He should know. Misha (Papps) is a Russian film-maker in self-imposed exile from the Motherland and his determination to pursue his art form leads to very little pleasure and quite a lot of pain.

Looking for an artistically sophisticated country where a narrative-averse experimental film-maker might be appreciated, he rather unwisely lands in New Zealand, where his obsession and self-obsession drive him slightly crazy and his wife Nadia (Stejko, excellent) to distraction.

The film is inspired by the story of Boris Bainov and Renata Pavlenko who arrived at Huia in November 1999 after crossing the Manukau Bar – not to mention the Pacific, from Vladivostok via Vanuatu – in an 8m enclosed aluminium lifeboat.
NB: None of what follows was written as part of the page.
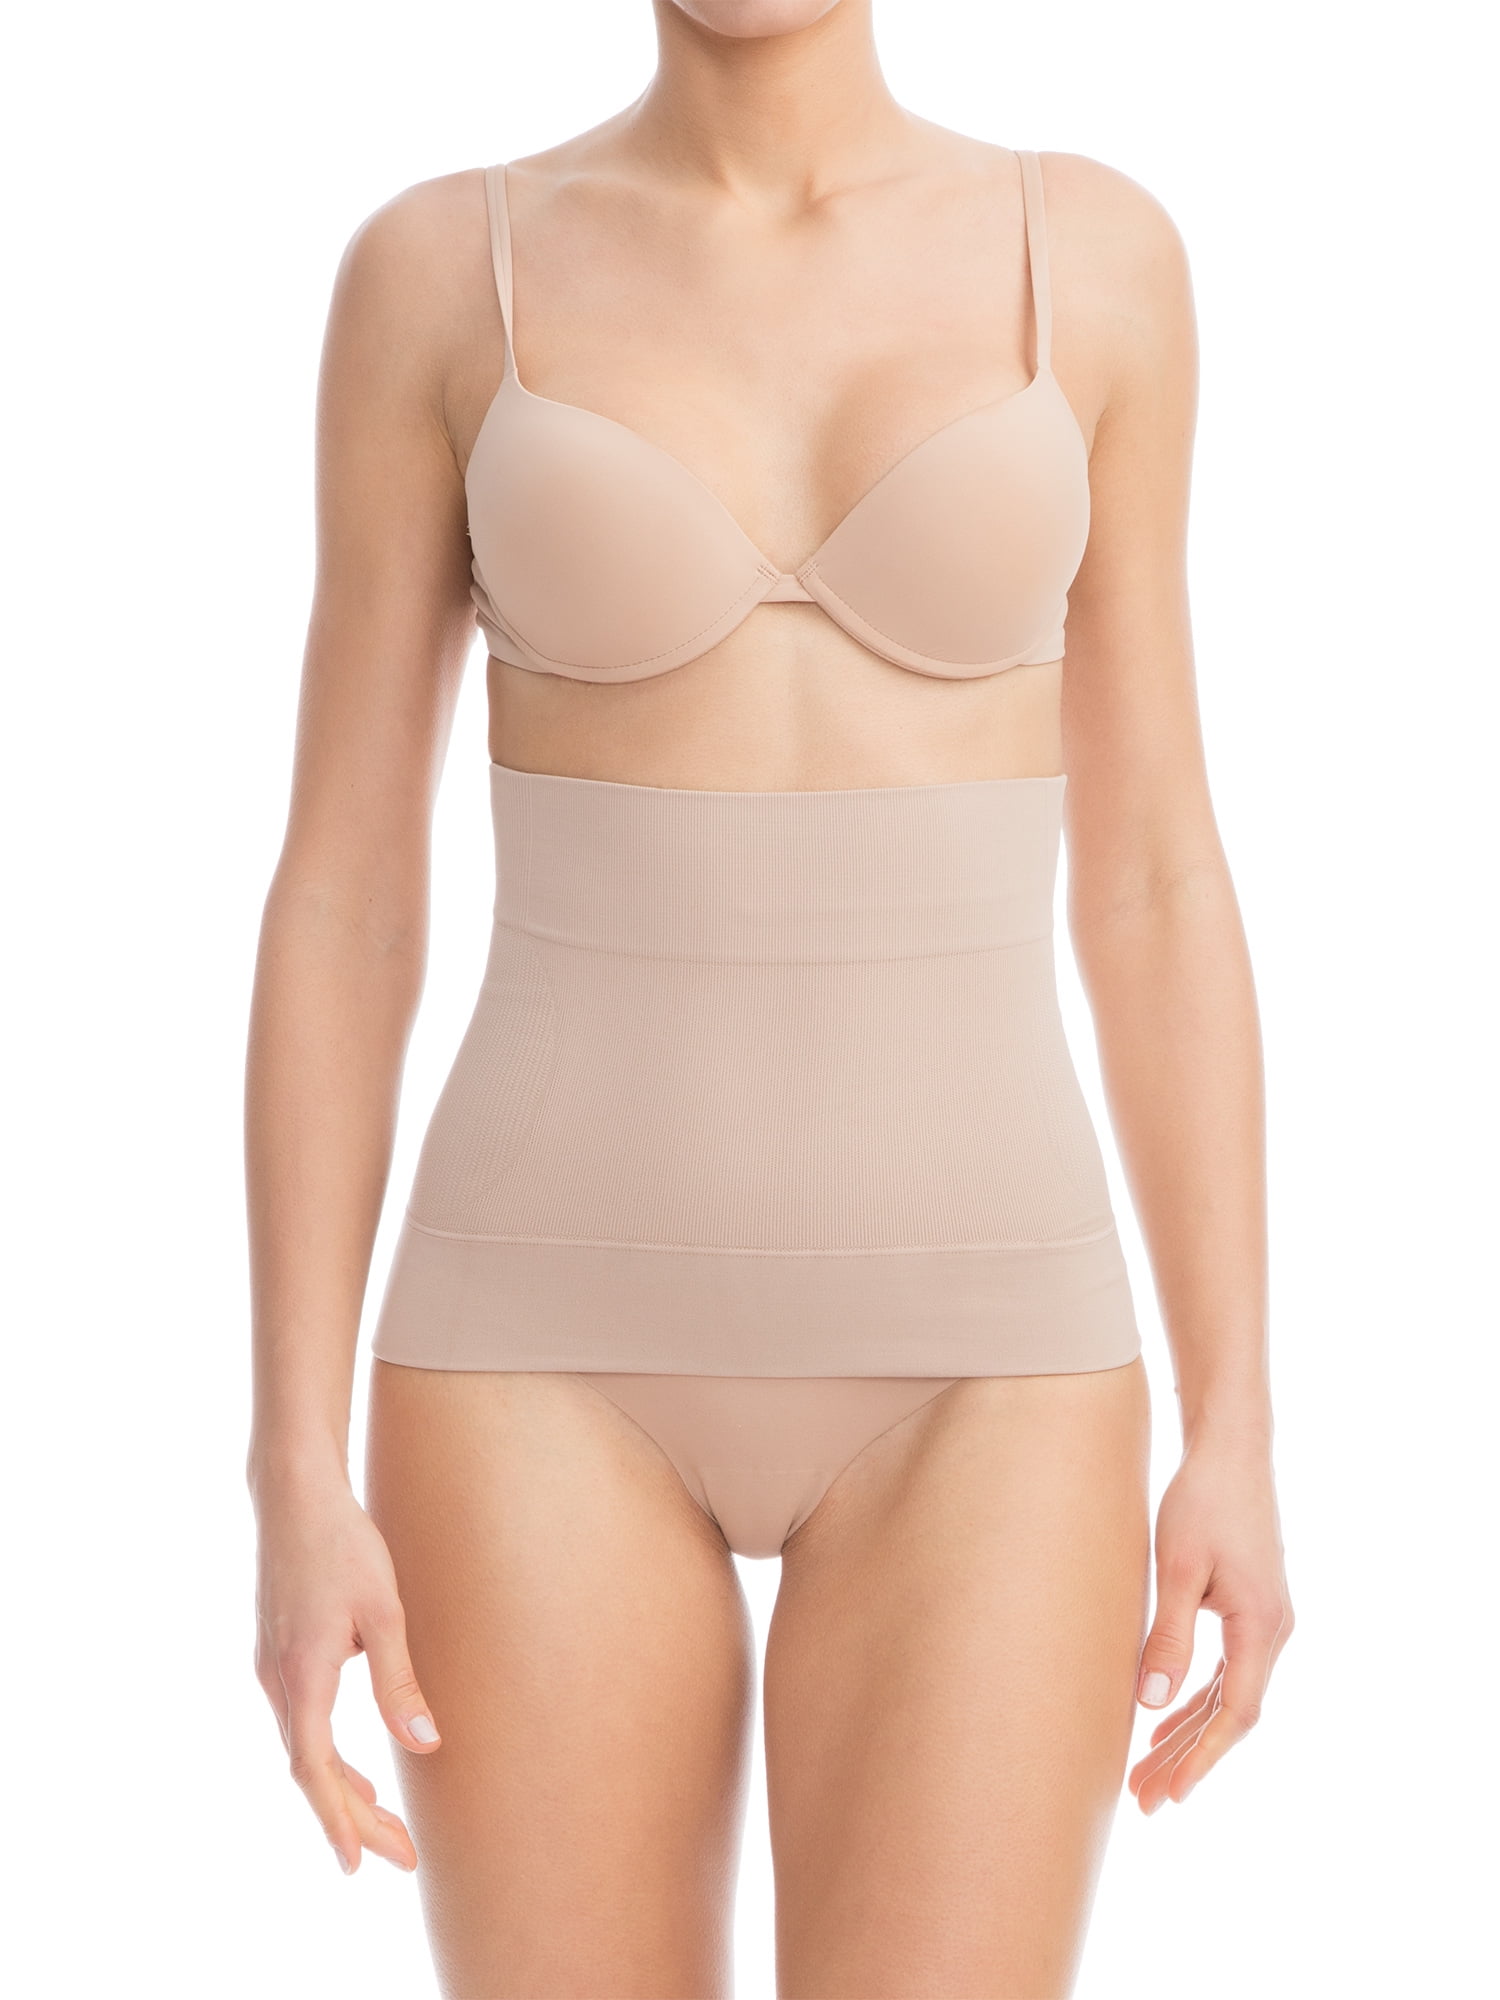 Buy Sankom Patent Lace Brief Shaper with Bamboo Fibers (XS, Gray) at ShopLC.

But it doesn’t tell their story. After a faintly Herzogian opening in which Misha howls at the mist while swinging from his makeshift mast, the movie traces the struggle of Nadia (like Pavlenko, a dancer) and Misha as they work out how they might pay the rent and resolve the conflict between being an artist and a human. In his self-funded feature debut, Sinclair, who co-wrote Ladies Night and the second Rings movie, turns this flimsiest of pretexts into an unusual love story which is far more engaging than it promises to be.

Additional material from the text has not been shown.